Previous studies indicated that CD8+ T cells might play a crucial role in restricting HSV-ane infection (Marrack and Kappler, 1987; Simmons, 1989). In line with the classic paradigm that HSV-one infection is controlled past CD8+ T cells, MHC-I-restricted CD8+ T cells can be recovered from lymph nodes draining into herpetic lesions after HSV-1 infection on 24-hour interval 4 (Nash et al., 1980). CD8+ T cells also have an ability to shut down HSV-1 infection in the trigeminal ganglia (TG) and prevent neurologic damage, and the response of CD8+ T cells could exist divided into acute and latent phases (Simmons and Tscharke, 1992; Liu et al., 2000). In the mouse model, the infiltration peaks of CD8+ T cells in mouse ganglia occurred on Mean solar day 12, and a great number of CD8+ T cells persisted in the ganglia for up to 90 d. Using a murine flank scarification model, CD8+ T cells were observed to be involved in inhibiting HSV-i replication in the draining ganglia (Simmons et al., 1992). In terms of effector molecules that are associated with CD8+ T cells mediating immunity, alternatively it was reported that IFN-γ non simply might exert an antiviral event and block the replication of numerous viruses in vitro, but also has an antiviral activity in controlling HSV-1 infection in main human neurons and astrocytes (Li et al., 2011; 2012). Furthermore, another possible effector molecule is granzyme A (GrA), and the animals deficient in GrA show the decreased viral clearance from infection sites after peripheral HSV-ane inoculation (Pereira et al., 2001).
The CD8+ T cells might interact with many APCs during HSV-one infection, such as DCs and ganglionic cells. The type and condition of APC used to characterize CD8+ T jail cell responses are as well critically important for the inhibition of HSV-1 infection. Compared with B cells, the fibroblasts are more than susceptible to HSV-one-mediated downwards-regulation of human leukocyte antigen class I (HLA-I) and they were observed to poorly re-stimulate retentiveness CD8+ T prison cell responses (Yasukawa and Zarling, 1984; Kohl, 1991; Tigges et al., 1996).

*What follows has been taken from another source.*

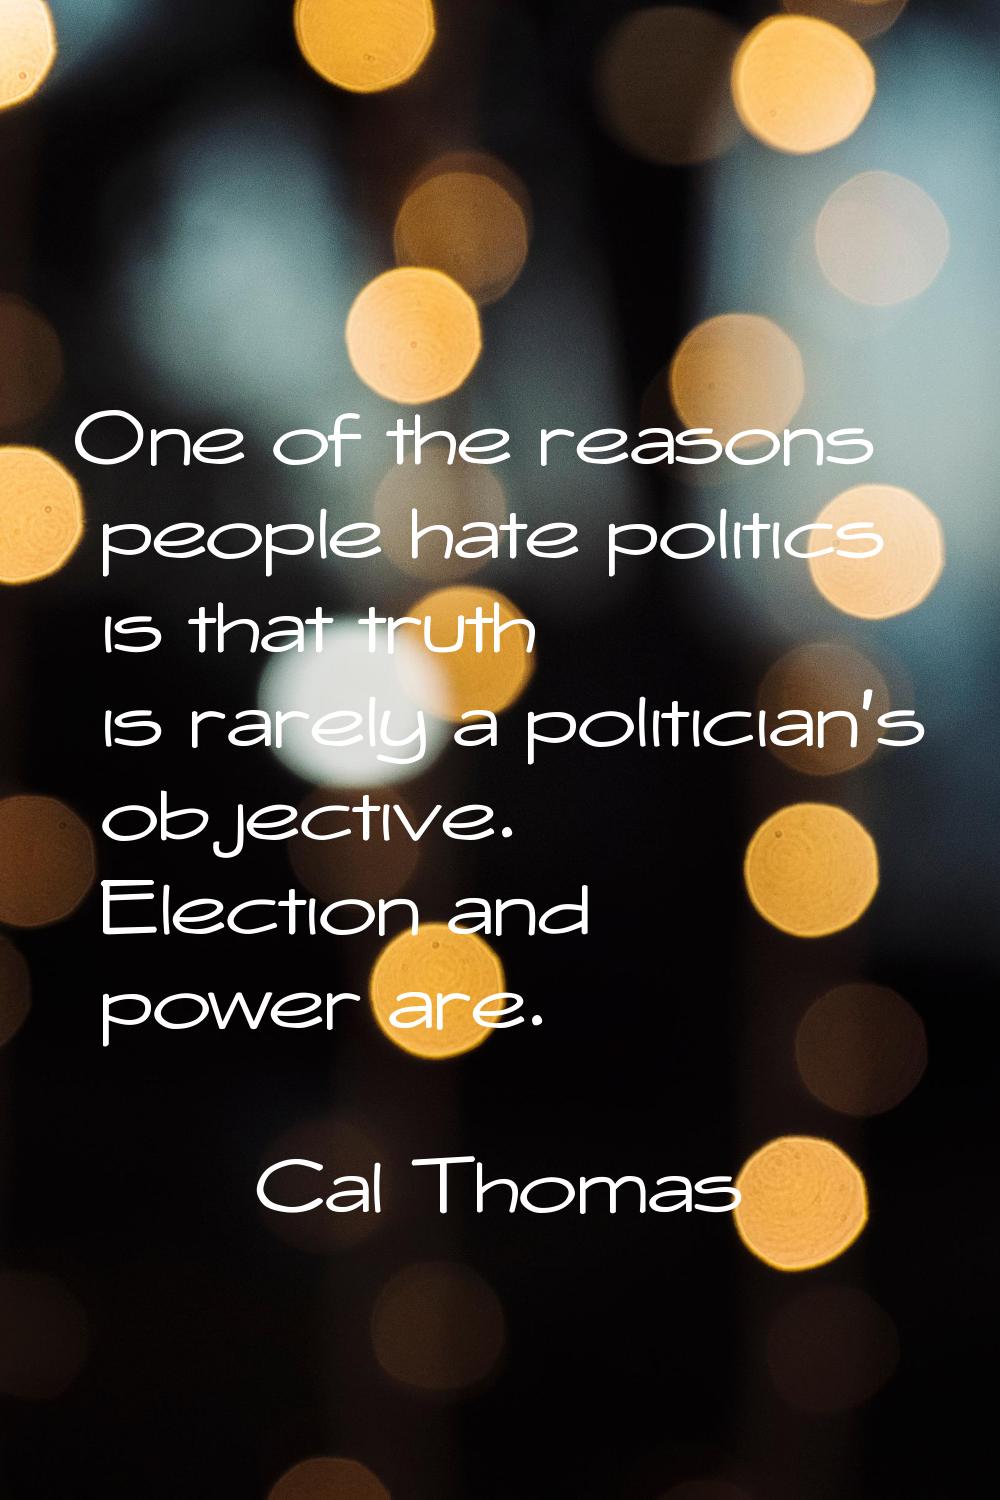 One of the reasons people hate politics is that truth is rarely a politician's objective. Election

Tissue-resident retentivity T cells (TRM cells) are a subtype of retentivity lymphocytes and reside in nonlymphoid tissues in humans and mice (Schenkel and Masopust, 2014). CD8+ TRM cells, a novel grade of CD8+ retentiveness T cells, have been well characterized (Krzysiek et al., 2013). During HSV-1 infection, virus-specific CD8+ TRM cells are created in both ganglia and mucosa (Khanna et al., 2003; Gebhardt et al., 2009; Ariotti et al., 2014). CD8+ TRM cells exist in non-lymphoid tissue compartments for long periods, and now these cells are besides found in brain, kidney, joints, and other non-barrier tissues, which can trigger protective innate and adaptive immunity (Schenkel et al., 2014). CD8+ TRM cells could express the effector molecules IFN-γ and granzyme B (GrB), and more than these cells are not replenished from the circulating CD8+ T jail cell pool (Mackay et al., 2012). The roles of CD8+ TRM cells are listed in Fig. 2.
Role of CD8+ TRM cells
3. Allowed response of CD4+ T cells during HSV-1 infection
In the host adaptive allowed system, CD4+ T cells are another important co-operative, which not merely accept the ability to regulate an effective immune response to pathogens, but as well have a role in control of host survival. Naive CD4+ T cells could differentiate into Th1, Th2, Th17, and induced regulatory T (iTreg) cells through interaction with antigen-MHC circuitous, and CD4+ T cell differentiation depends on the cytokines of the microenvironment (Luckheeram et al., 2012; Zheng, 2013). CD4+ T cells have power to restrict and eliminate acute viral infection, and depend on the distinct phenotypes with their respective cytokine profiles. CD4+ T cells too modulate the functions of adaptive immunity and the innate immune cells (Sant and McMichael, 2012). Th1 cells have been regarded every bit critical for immunity to intracellular microorganisms and Th2 cells for immunity to many extracellular pathogens, including helminthes (Mosmann and Coffman, 1989; Paul and Seder, 1994). Treg cells function is needed to limit the extent of virus-induced inflammatory lesions, which implies that expanding and activating Tregs could be therapeutically valuable (Sehrawat and Rouse, 2011). During HSV-1 infection, the expression of IL-17 was up-regulated mainly through the Th17 cells in host cornea. Th1 cells are also responsible for orchestrating herpes stromal keratitis (HSK) during viral infection (Suryawanshi et al., 2011).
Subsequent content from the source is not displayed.